4G was supposed to achieve 100mbit peaks and I have yet to see speeds even approaching this with 4G LTE. So if somebody is enforcing advertising rules they're doing a shit job...
They seem to be branding LTE as even better than 4G. My phone has an "LTE" indicator on top most of the time, but it switches to "4G" when I'm in a basement parking garage with lousy reception.
I'm not sure what these terms mean, and the phone/service didn't exactly come with a user manual.
I'm on AT&T (personal phone) and I get 4.5M bits down on LTE. My Verizon LTE (work phone) gets very similar. Both are iPhones and completely up to date.
I could be near enough to the towers that my fillings start to ache and I still can't get any faster.
LTE's initial iterations were actually not considered 4G by definition. Part of the longterm evolution part was that as the components were upgraded they would comply with 4G. I can break 100mbps down in a few places on an iphone SE with only a cat3 modem, but that's pushing the spec's real-world limit for that.
Today these speeds are easily achievable on most networks, it's just unlikely for AT&T due to congestion and their poor network and spectrum planning. It helps to spend money on capex instead of buying up shitty Mexican carriers and DirecTV to stem the flow of fleeing customers.
That was a bit of a mess. Technically, no carrier at the time had a "real" 4G network, according to the ITU- only LTE-Advanced and WiMAX 2 met their definition.
Since the ITU had declared that Sprint's WiMAX network and Verizon's LTE network weren't real 4G, T-Mobile decided that they could call their (just-as-fast-as-early-LTE-networks) HSPA+ network 4G too, and then AT&T was almost forced to follow suit because T-Mobile was advertising how their 4G network was so much bigger than everyone else's.
It should be noted that T-Mobile was the only one set up to deploy DC-HSPA+ at 42mbps peak theoretical.

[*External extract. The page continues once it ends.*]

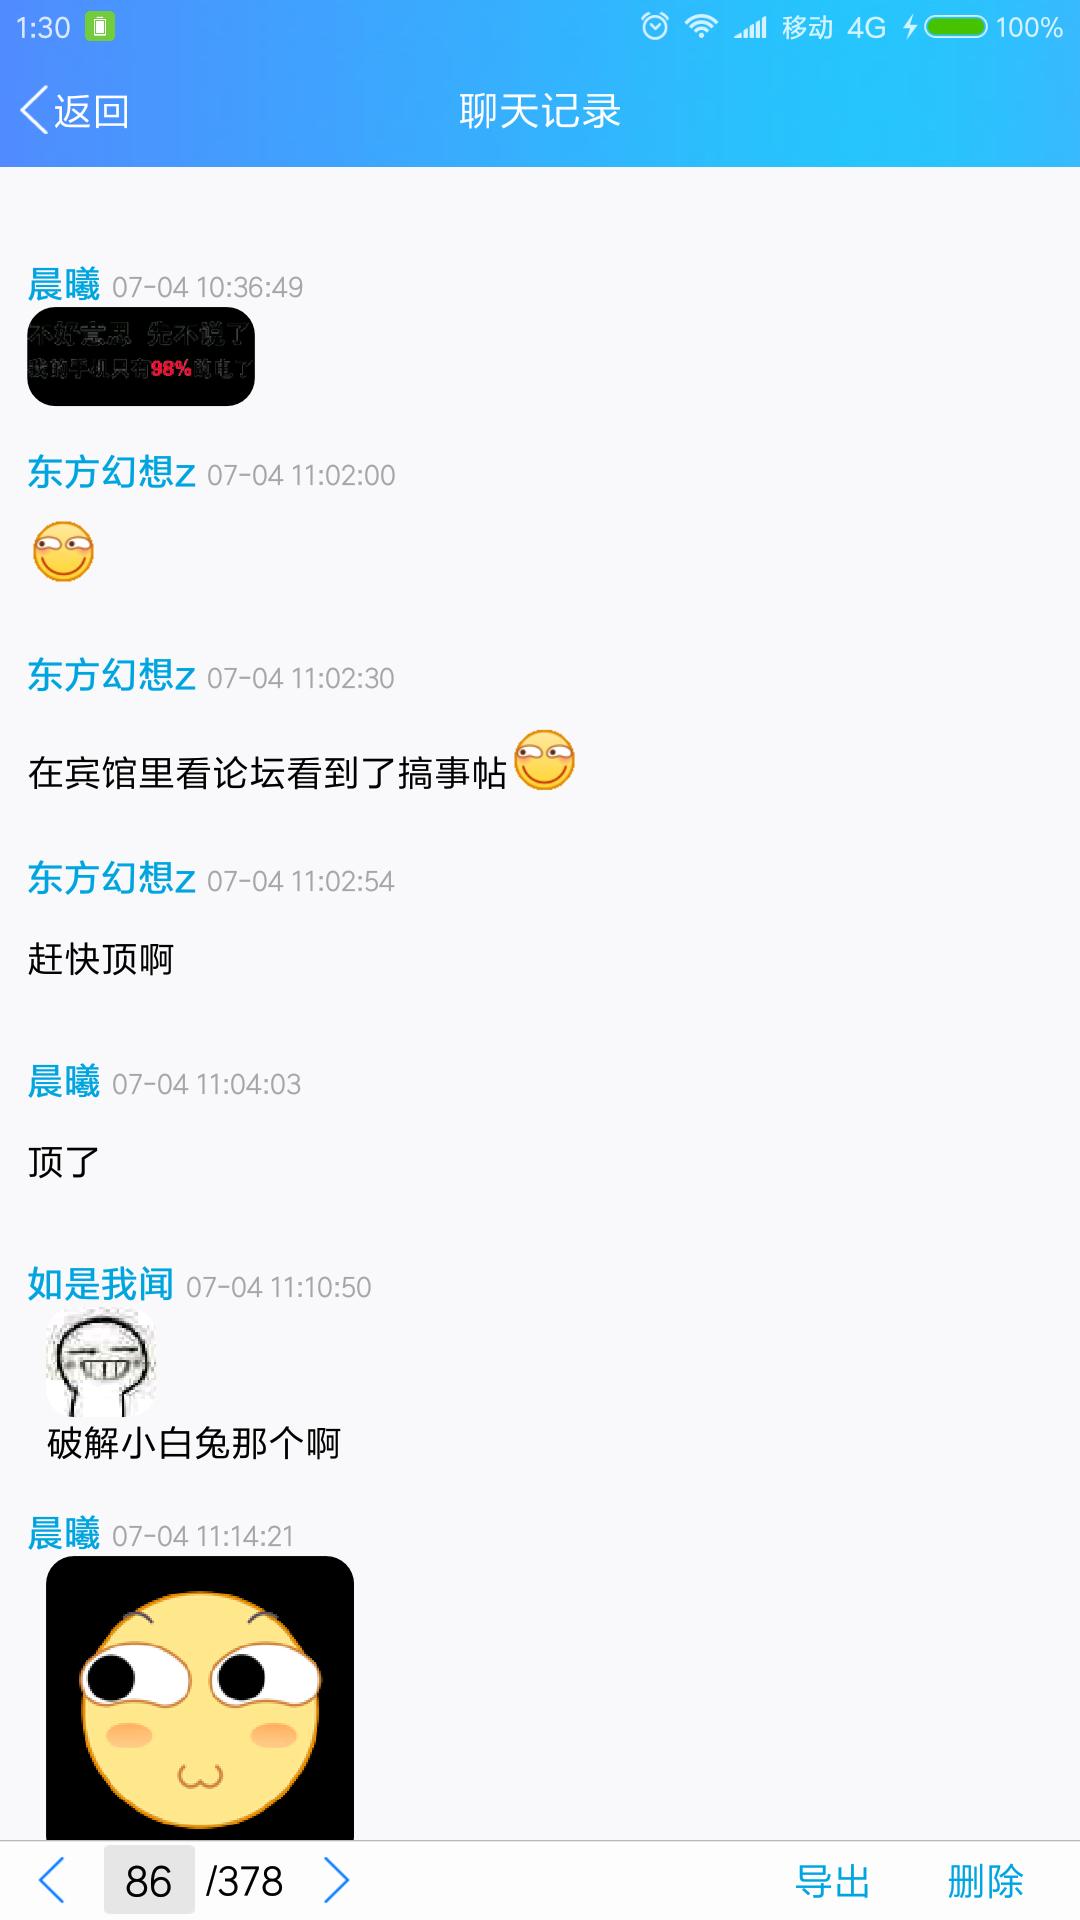 Screenshot_2017-07-09-01-30-13-545_com.tencent.mobileqq.png

Scratching around 30mbps was around what Verizon could do before congestion set in on band 13. AT&T to the best of my knowledge only had HSPA+ at 21mbps, so it really was way more of a stretch for them to call their network 4G.
So at least, yeah... tmo kinda could have argued it was similar to early '4G' radio technologies on speed alone.
They were 4G by definition because the definition of 4G is the 4th generation, and LTE is *clearly" that, despite what some idiots in the ITU may try and claim.
The 3G/4G/etc labels are descriptive, not prescriptive.
Please don't let a phone company hear you say that, they'll roll the "g" number every year because there's a new generation of firmware. Words should, and do, mean things.
I didn't say they don't mean things. And phone companies are welcome to try and call whatever they like 5G but it doesn't make it true, any more than the ITU trying to claim some technology is or is not 5G. What makes something 5G is that it is a widely adopted technology that is a clear generation ahead of 4G. That's it. It's not complicated.
The requirements for the proposed 4G spec are actually even higher than that -- 100Mbps was for high-mobility clients, whereas low-mobility clients were promised 1Gbps speeds.
page 9 defines high / low mobility as follows: "low mobility covers
pedestrian speed, and high mobility covers high speed on highways or fast trains (60 km/h to
~250 km/h, or more)." (this is roughly 35 to 150 mph)
We are nowhere near those speeds, even on the best networks.
They just set aspirational targets, but don’t define any technology for meeting those targets. ITU jumped from 200 kbps for 3G to 1 gigabit for 4G. That was not a useful definition and the market correctly ignored it. Imagine if we had “3G” wired networking defined as 100 mbps and “4G” wired networking aspirationally defined as 10 gigabit. What would you do when the IEEE (the folks who actually make the technology) release 1G Ethernet. Would you insist on calling it 3.5G wired networking?
“4G” is LTE. It’s 4G because it’s what came after HSDPA/EVDO, not because it meets any particular ITU target.
Without any sort of backing specification, the terminology of 3G vs 4G vs 5G is dumb and meaningless, as we see with AT&T calling their network 5G (E), even though it's no better than what their competitors call 4G.
Also, it's disingenuous to describe the jump as from 200kbps to 1Gbps, since HSDPA offering 14Mbps was already being deployed prior to when this particular ITU standard came out.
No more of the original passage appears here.